Create a molecule from SMILES and export a depiction:

from cosmolkit import Molecule

mol = Molecule.from_smiles("c1ccccc1O")
drawn = mol.with_2d_coordinates()

print(mol.to_smiles())
drawn.write_png("python/examples/output/phenol.png", width=400, height=300)

Inspect atoms and bonds:

from cosmolkit import BondOrder, Molecule

mol = Molecule.from_smiles("c1ccccc1O")

for atom in mol.atoms():
    print(atom.idx(), atom.atomic_num(), atom.is_aromatic())

for bond in mol.bonds():
    if bond.bond_type() == BondOrder.SINGLE:
        print(bond.begin_atom_idx(), bond.end_atom_idx(), bond.bond_type().name)

Inspect chiral tags without converting to an ordered tetrahedral record:

chiral = Molecule.from_smiles("F[C@H](Cl)Br")

print(chiral.to_smiles())
print(chiral.to_smiles(isomeric_smiles=False))

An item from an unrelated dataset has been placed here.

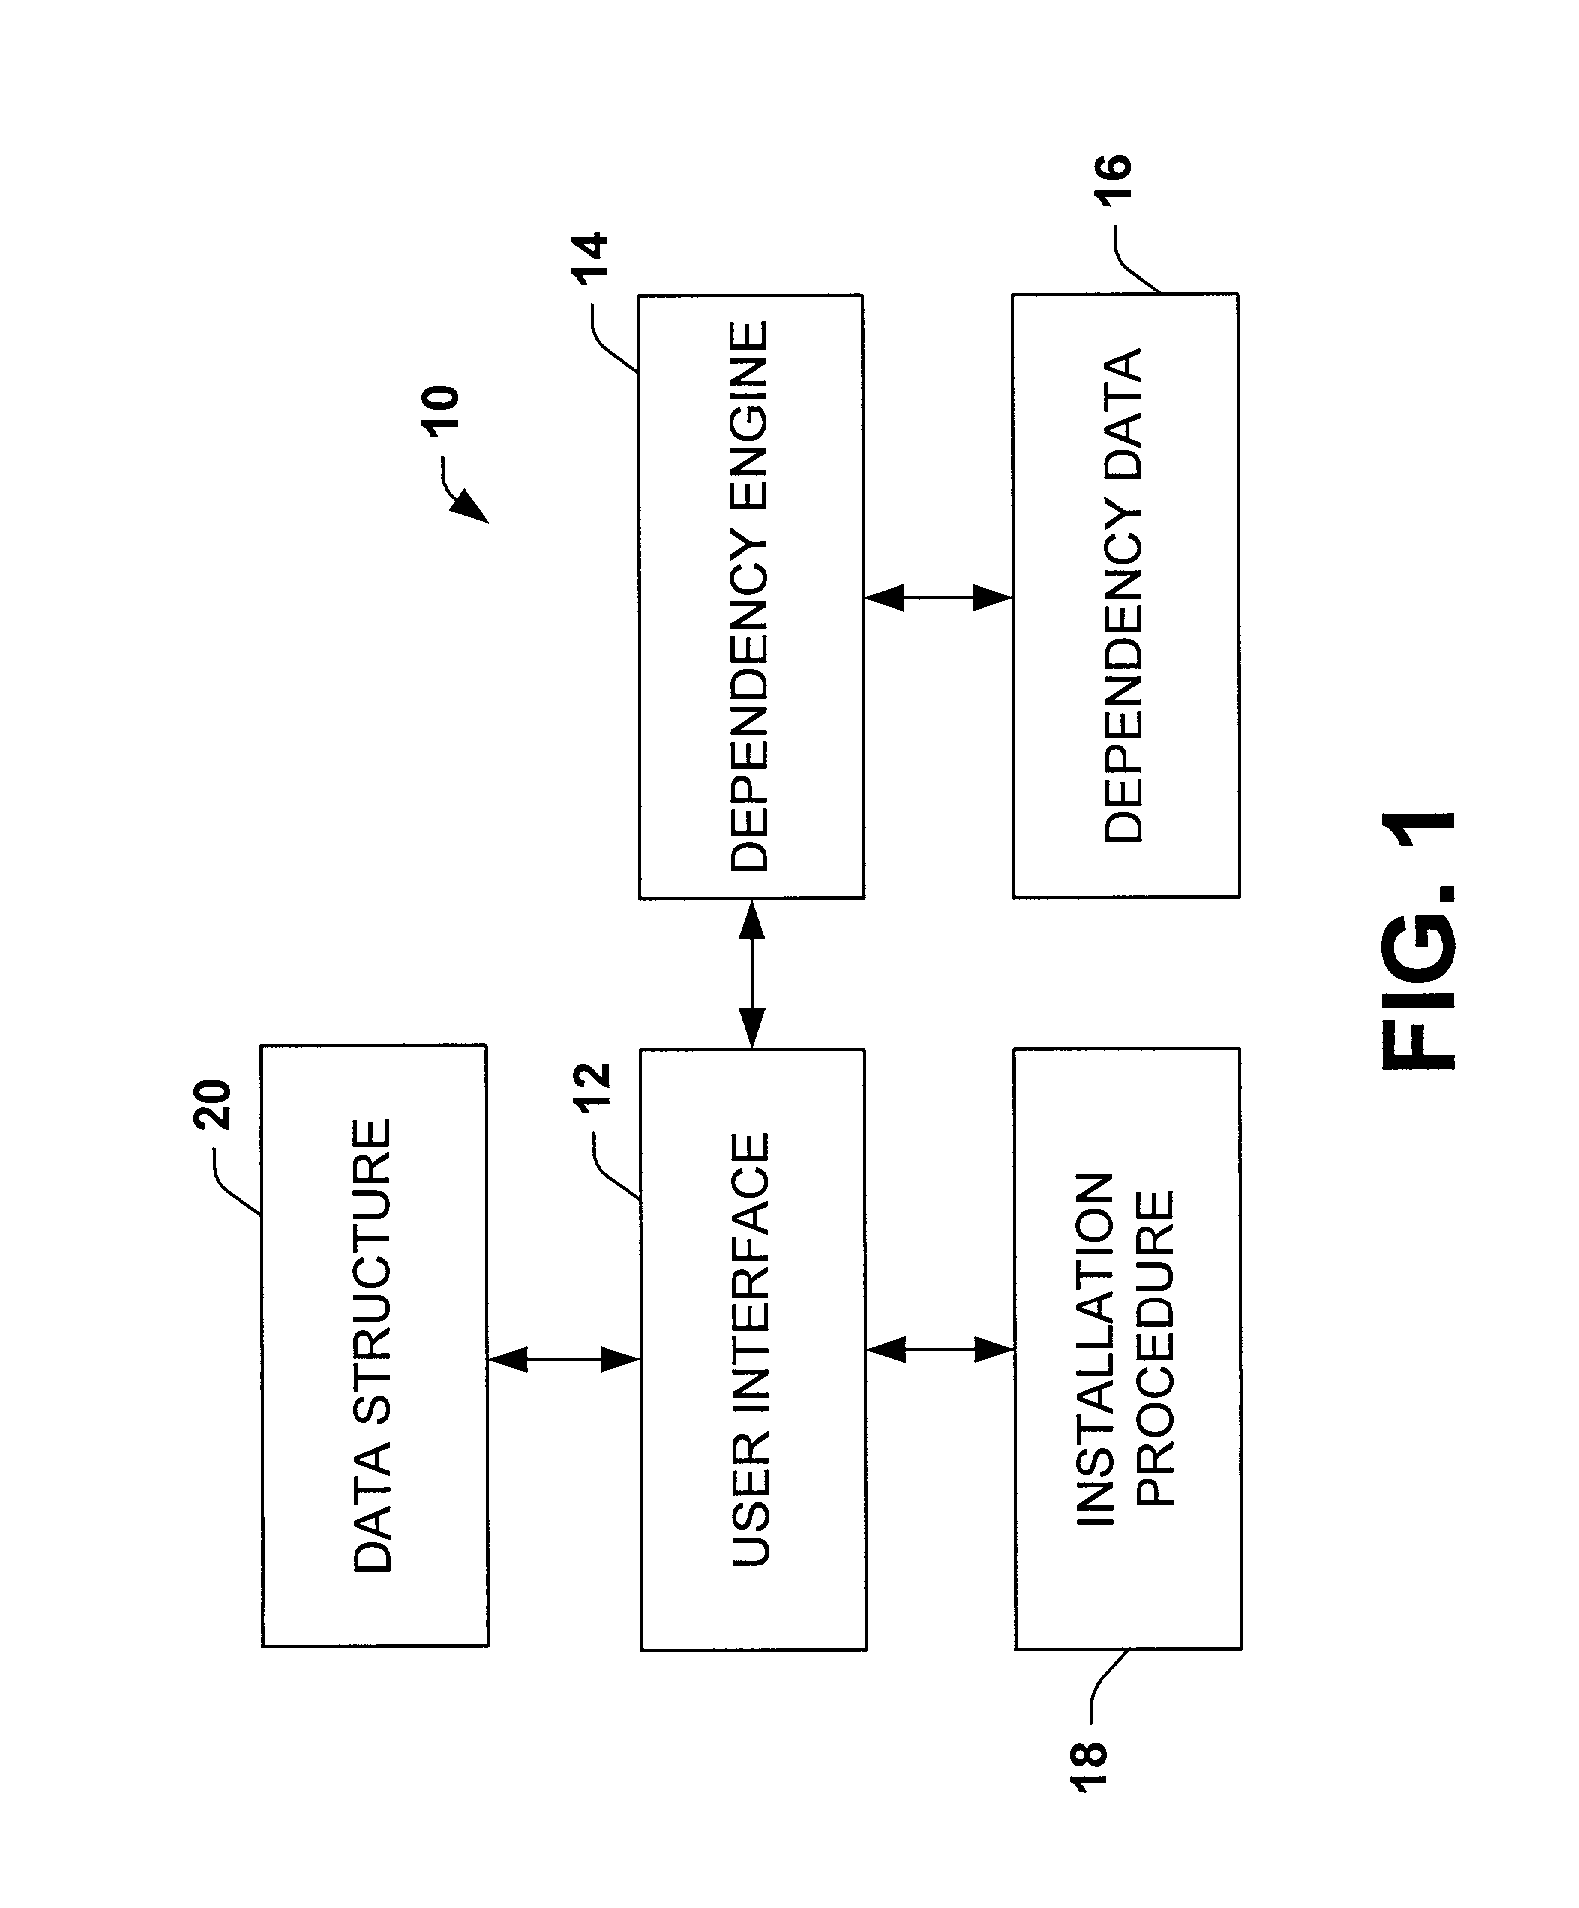 System and method to facilitate installation of components across one or more computers

for atom in chiral.atoms():
    if atom.chiral_tag() != ChiralTag.CHI_UNSPECIFIED:
        print(atom.idx(), atom.chiral_tag().name)

Read and write the first SDF record:

mol = Molecule.read_sdf("input.sdf", coordinate_dim="auto")
mol.write_sdf("python/examples/output/output.sdf", format="v2000")

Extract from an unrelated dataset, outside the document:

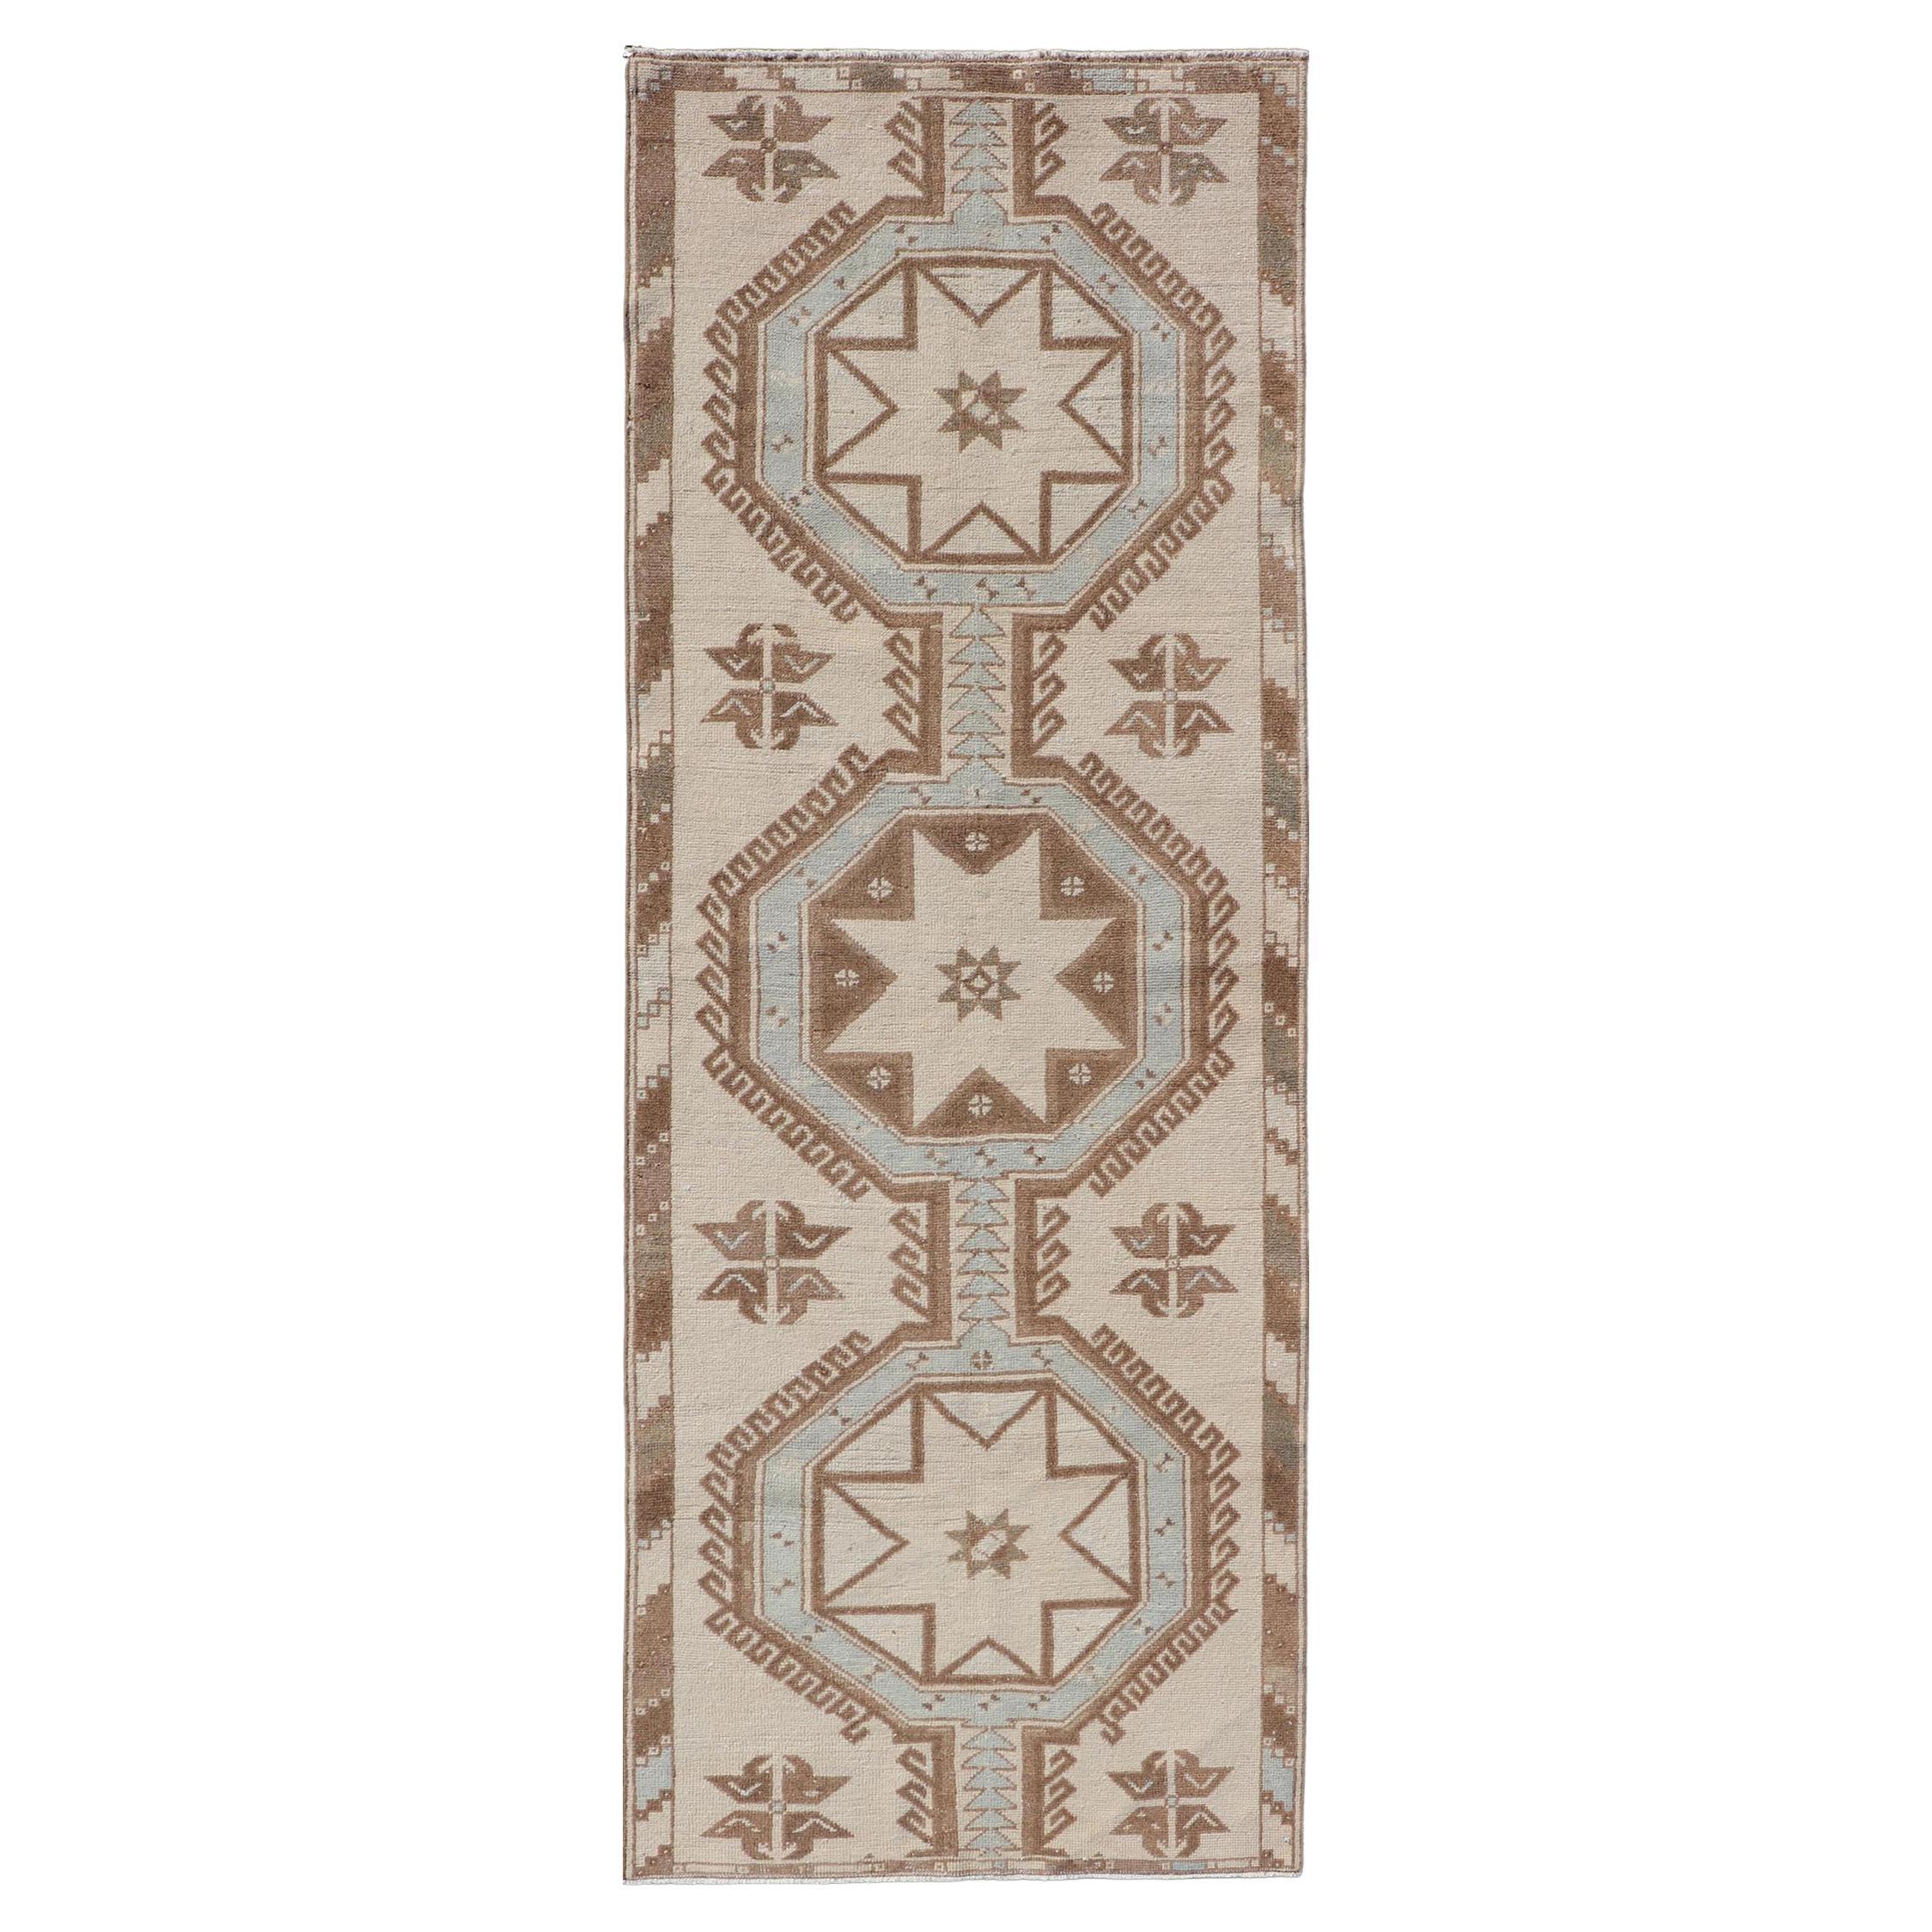 Vintage Turkish Oushak Runner with Geometric Medallions in Neutral Earth Colors

Read MOL2 with the RDKit-style parser profile:

mol = Molecule.read_mol2("input.mol2")

Access coordinates as NumPy arrays:

mol2d = Molecule.from_smiles("CCO").with_2d_coordinates()
coords = mol2d.coordinates_2d()

print(coords.shape)

Generate a native 3D conformer with ETKDGv3:

from cosmolkit import EmbedParameters, Molecule

mol = Molecule.from_smiles("CC(=O)NC").with_hydrogens()
params = EmbedParameters.etkdg_v3()
params.random_seed = 0xF00D
params.num_threads = 1
params.track_failures = True

embedded = mol.with_3d_conformer(params)

print(embedded.num_conformers())
print(embedded.coordinates_3d().shape)
print(params.failures)

with_3d_conformer() follows RDKit’s ETKDG behavior for trusted molecular graphs. A molecule without explicit hydrogens is embedded as a heavy-atom-only conformer; the operation does not fail and does not automatically add hydrogens. Add hydrogens first when you need all-atom geometry, force-field optimization, or hydrogen-bond-sensitive coordinates.

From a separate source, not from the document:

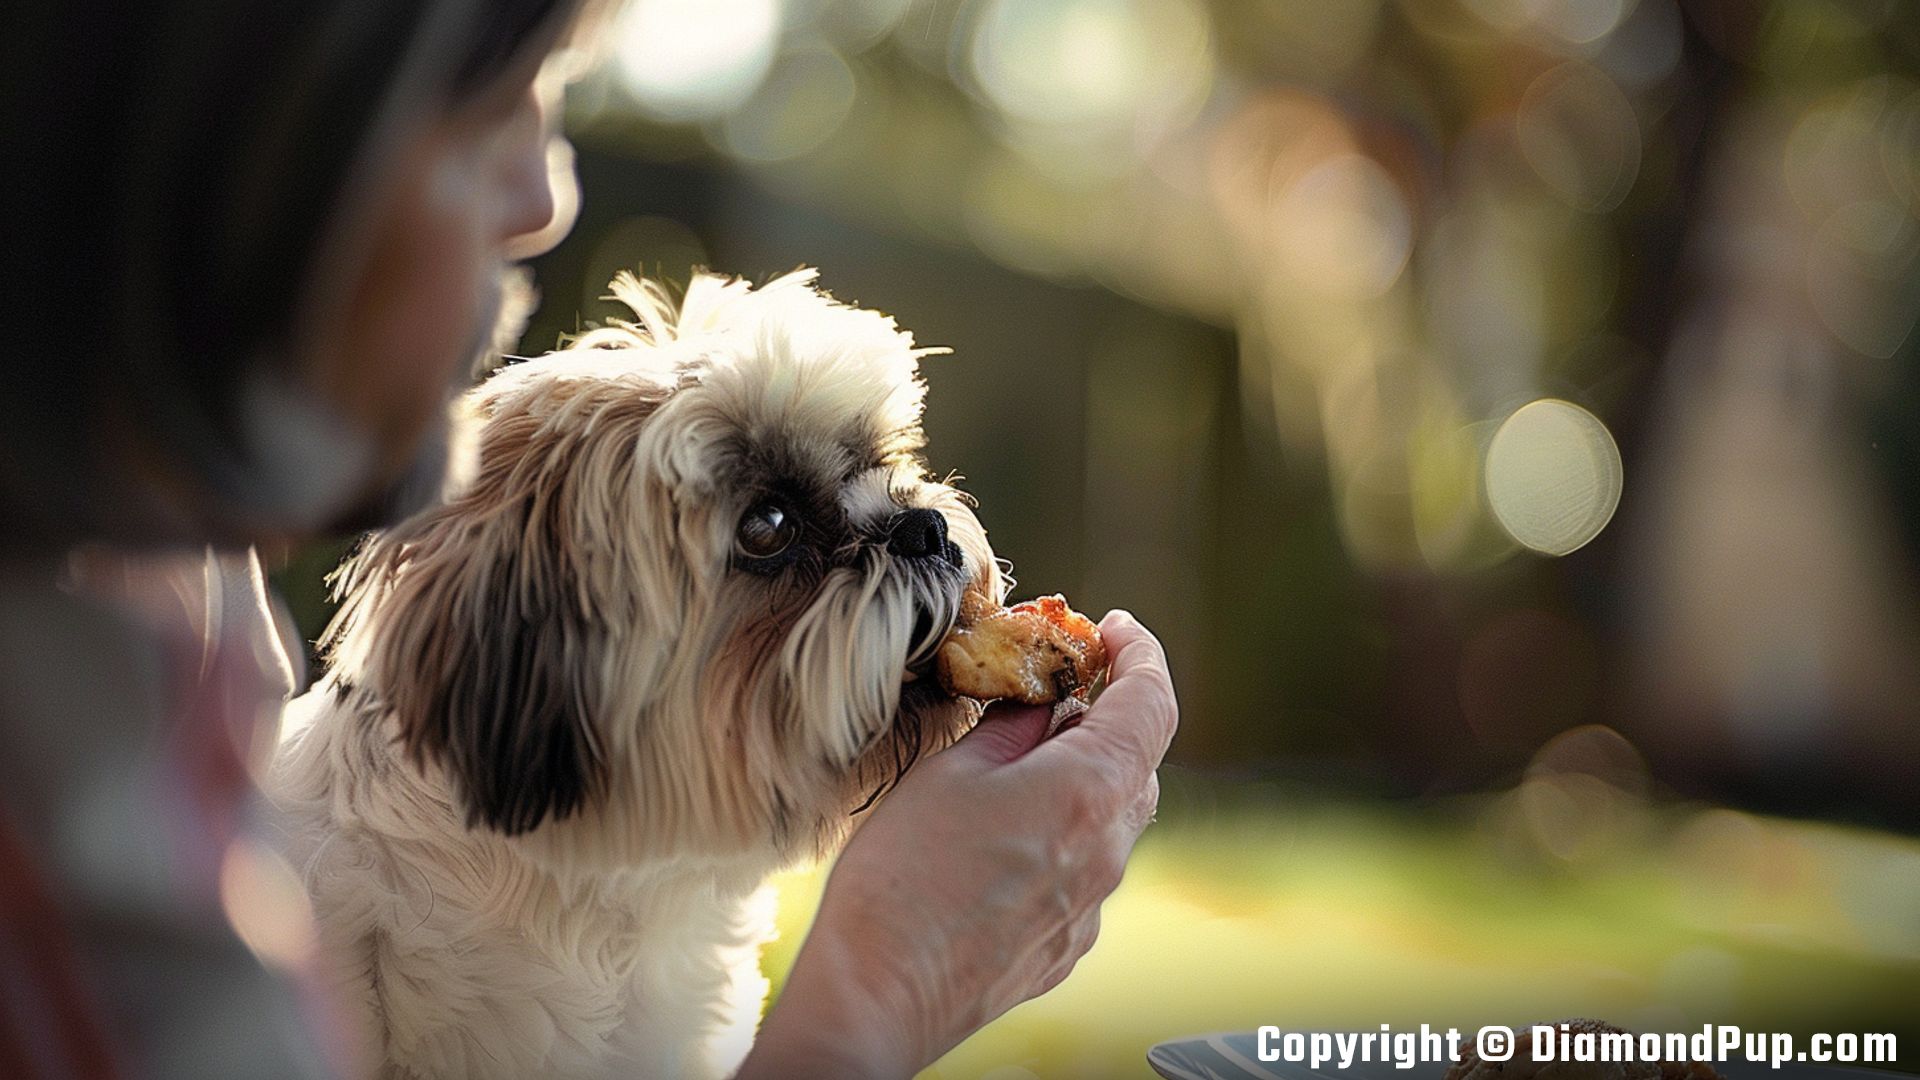 Photo of a Playful Shih Tzu Snacking on Chicken

Generate multiple conformers with RMS pruning:

params = EmbedParameters.etkdg()
params.random_seed = 123
params.num_threads = 1
params.prune_rms_thresh = 0.5
params.enable_sequential_random_seeds = True

conformers = mol.with_3d_conformers(5, params)
print(conformers.num_conformers())

Optimize an existing 3D conformer with UFF:

mol = Molecule.read_sdf("input_3d.sdf", coordinate_dim="3d")

if mol.has_uff_params():
    result = mol.with_uff_optimized(max_iters=200)
    optimized = result.molecule()

    print(not result.needs_more())
    print(result.status_code())
    print(result.energy())
    print(optimized.coordinates_3d().shape)

if mol.has_mmff_params():
    result = mol.with_mmff_optimized(mmff_variant="MMFF94", max_iters=200)
    print(not result.needs_more())
    print(result.status_code())

Generate a Morgan fingerprint:

fp = Molecule.from_smiles("c1ccccc1O").fingerprint_morgan(
    radius=2,
    n_bits=2048,
)

print(fp.n_bits())
print(fp.on_bits())

on_bits() returns the sparse bit indexes set inside the fixed-length binary fingerprint. It is not a dense neural embedding.

Parse SMARTS metadata:

import cosmolkit

query = cosmolkit.parse_smarts("[#6]-O")

print(query.num_atoms())
print(query.num_bonds())

parse_smarts() returns a SmartsMolecule parse tree value. Direct SMARTS query matching is not yet a Python API.

Process a list of molecules:

from cosmolkit import BatchErrorMode, MoleculeBatch

batch = MoleculeBatch.from_smiles_list(
    ["CCO", "c1ccccc1", "not-smiles"],
    errors=BatchErrorMode.KEEP,
).with_parallel_jobs(8)

for error in batch.errors():
    print(error.index(), error.operation(), error.message())

prepared = batch.with_2d_coordinates(errors=BatchErrorMode.KEEP)
fingerprints = prepared.fingerprint_morgan_list(n_bits=2048)

print(prepared.valid_mask())
print(prepared.to_smiles_list(canonical=True))
print([mol.to_smiles() if mol is not None else None for mol in prepared])
print([fp.on_bits() if fp is not None else None for fp in fingerprints])

MoleculeBatch preserves input order. When errors="keep" or BatchErrorMode.KEEP is used, invalid records stay aligned with their input positions and appear as None in molecule-valued outputs.